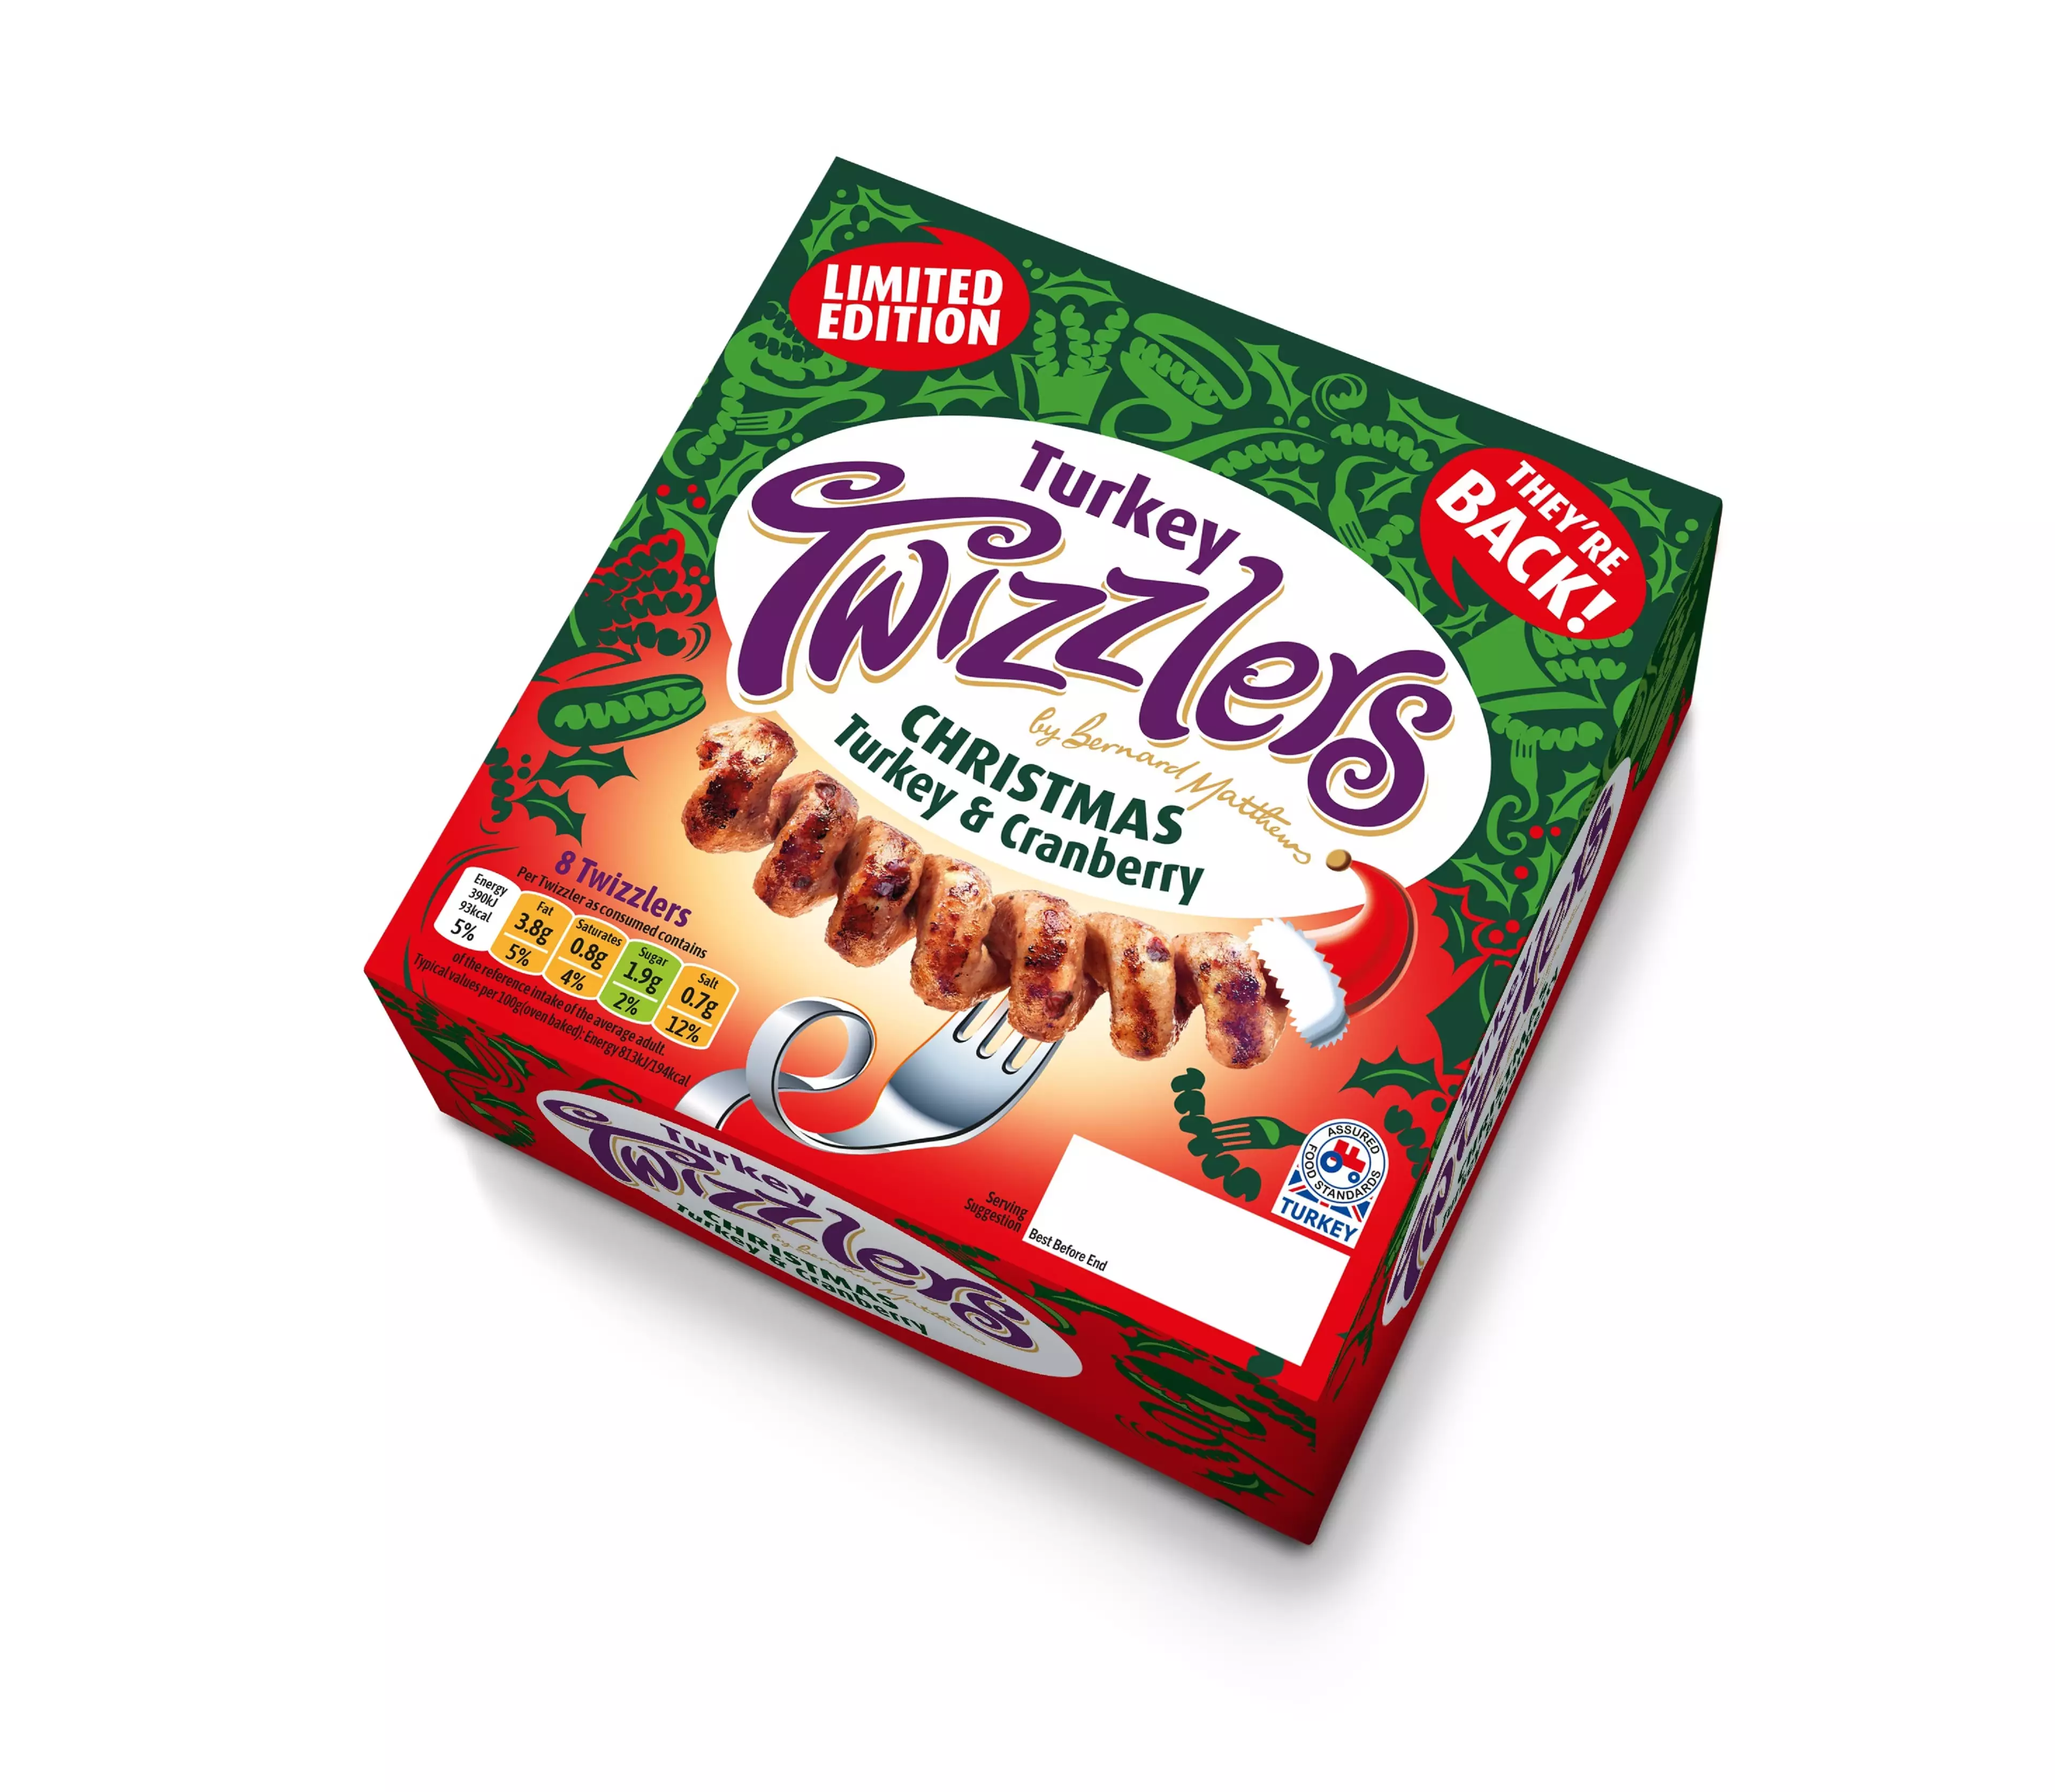 You can buy Turkey Twizzlers from Iceland for Christmas (
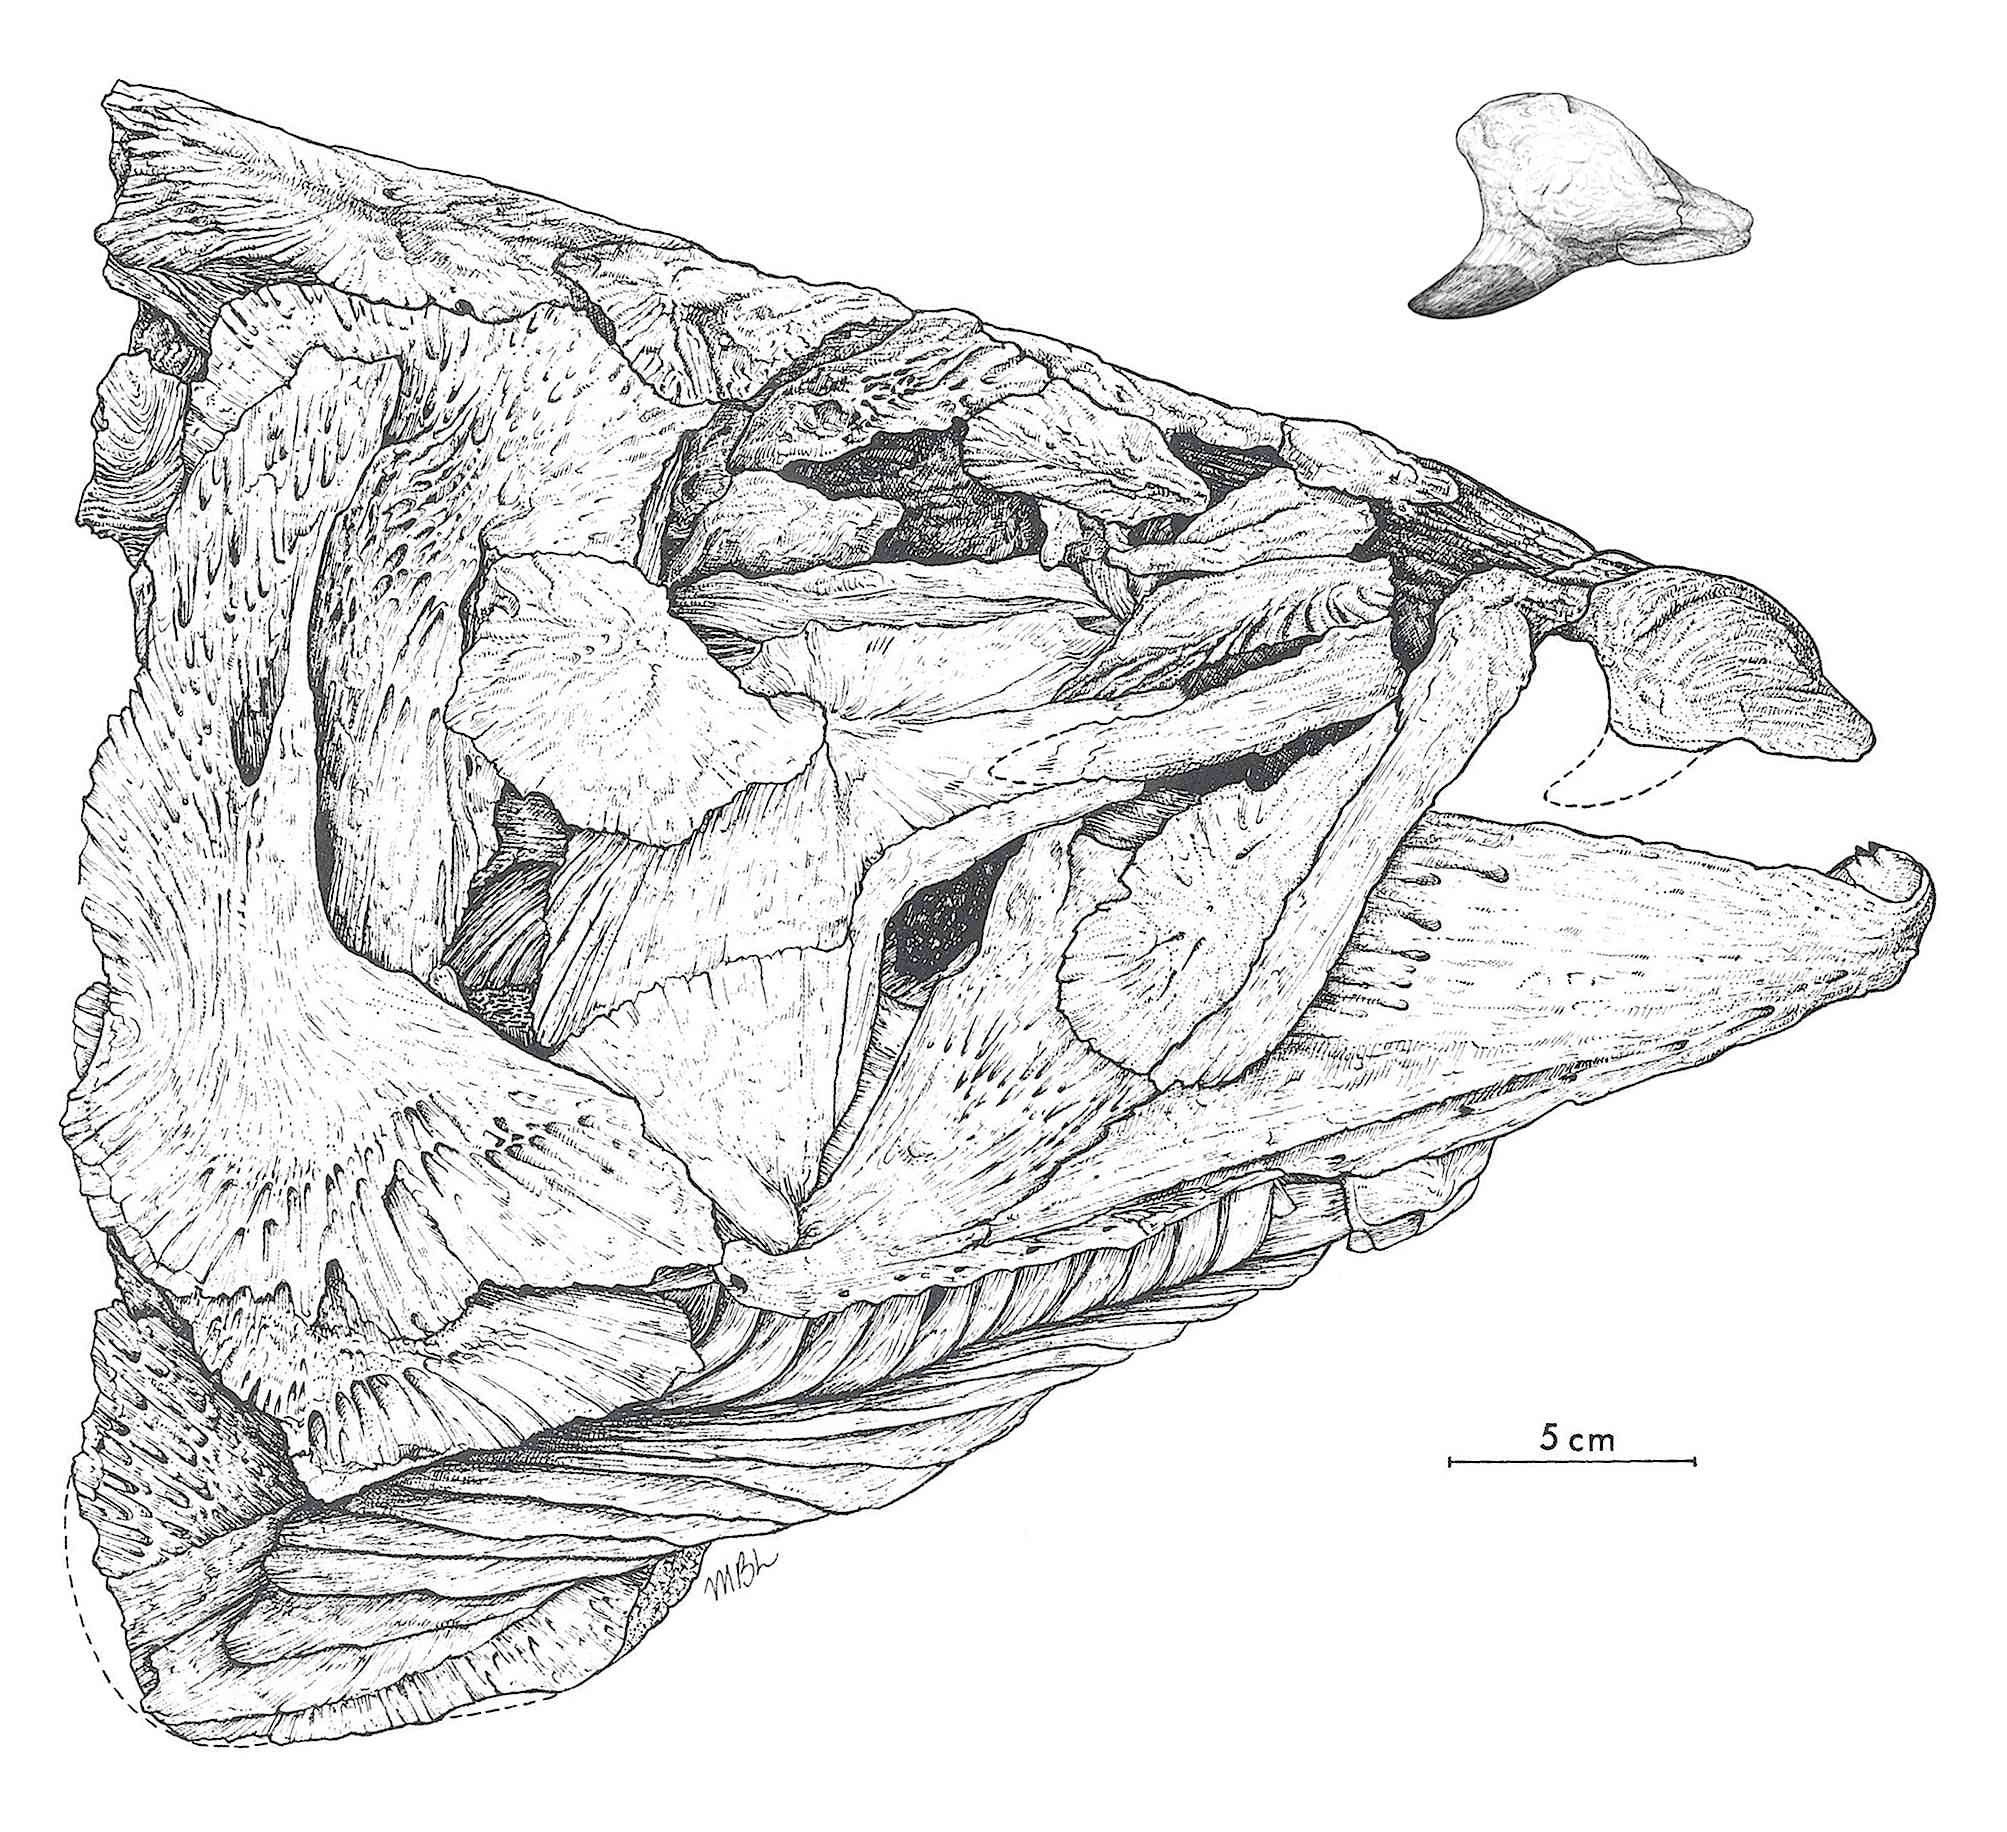 Spike-toothed salmon skull and tooth drawing
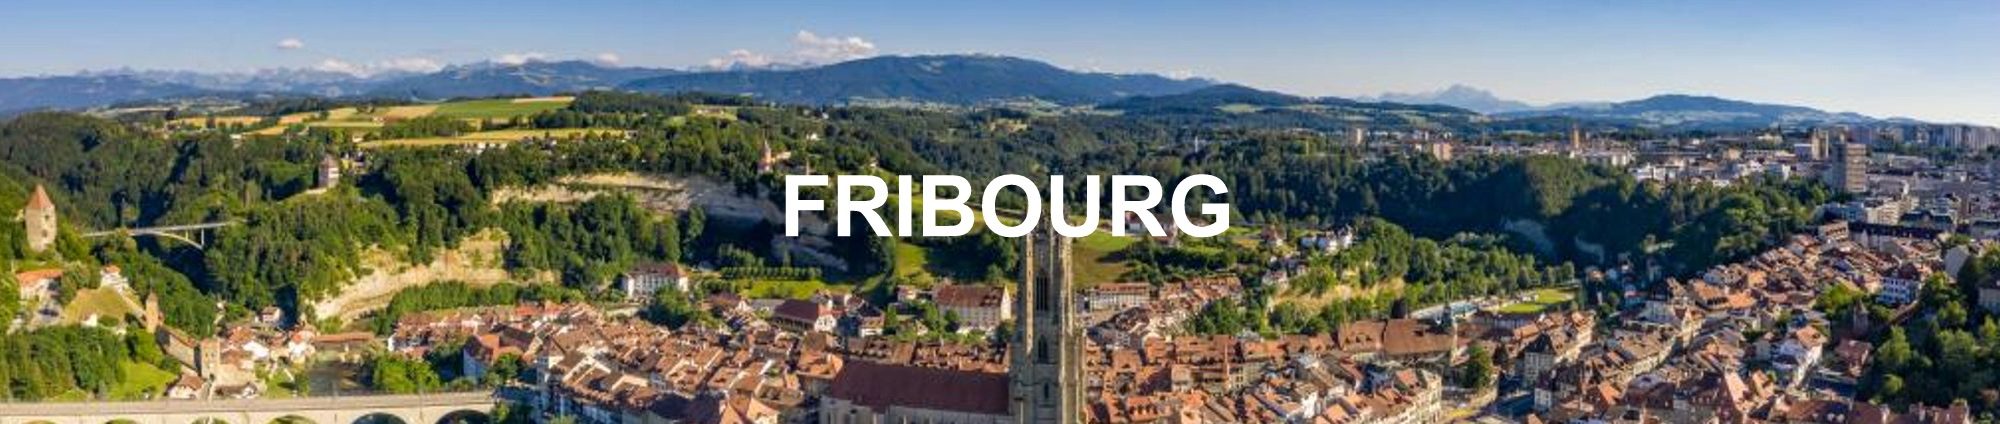 prix m2 immobilier fribourg 2022
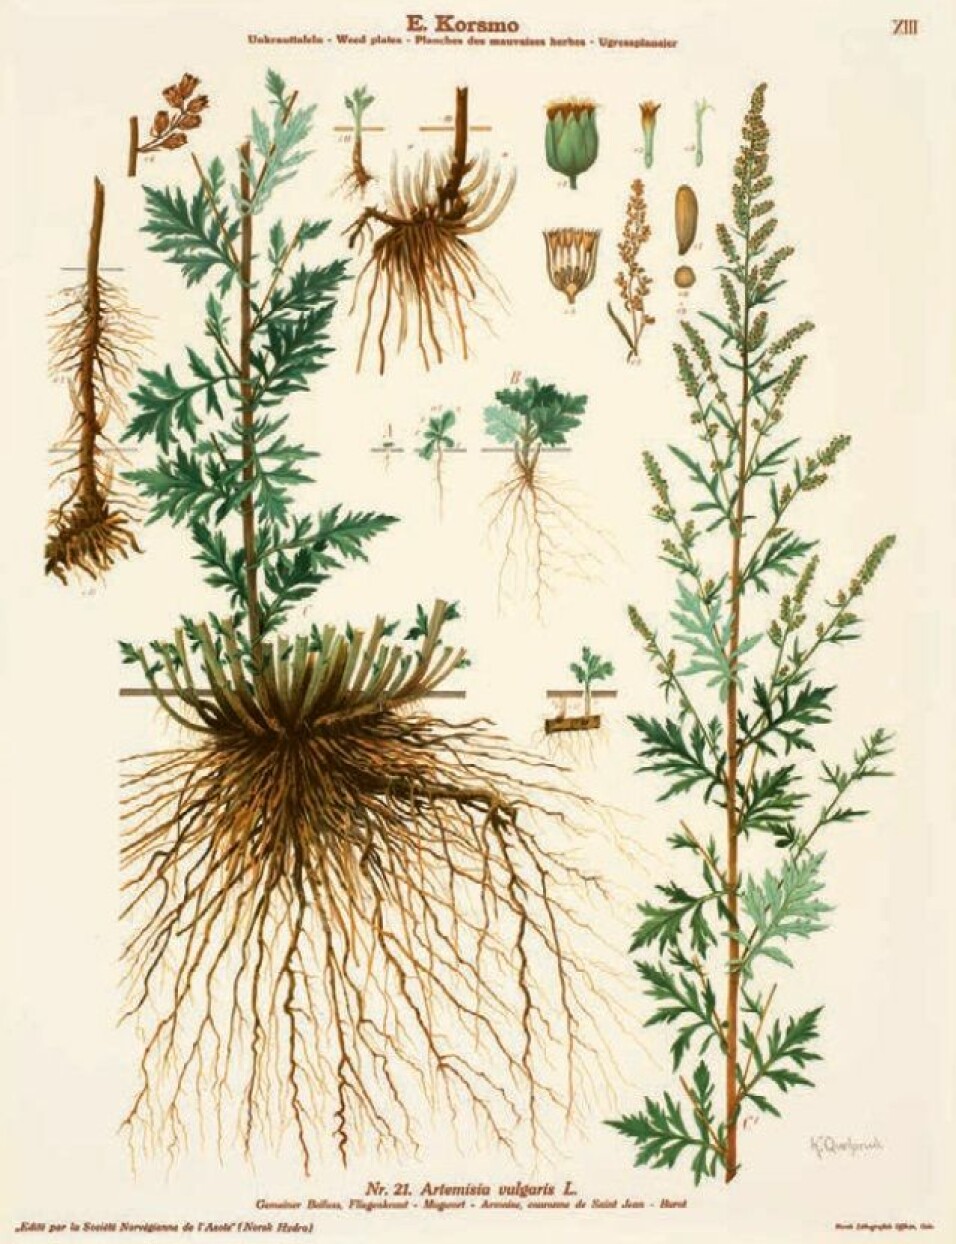 Common mugwort was also used medicinally and was considered a magic herb in several black magic books, writes Borgen.

== Task details ==
Return the listing above unaltered, omitting its pictures.

== Task output ==
 You can buy Turkey Twizzlers from Iceland for Christmas (
 Spike-toothed salmon skull and tooth drawing
 prix m2 immobilier fribourg 2022
 Common mugwort was also used medicinally and was considered a magic herb in several black magic books, writes Borgen.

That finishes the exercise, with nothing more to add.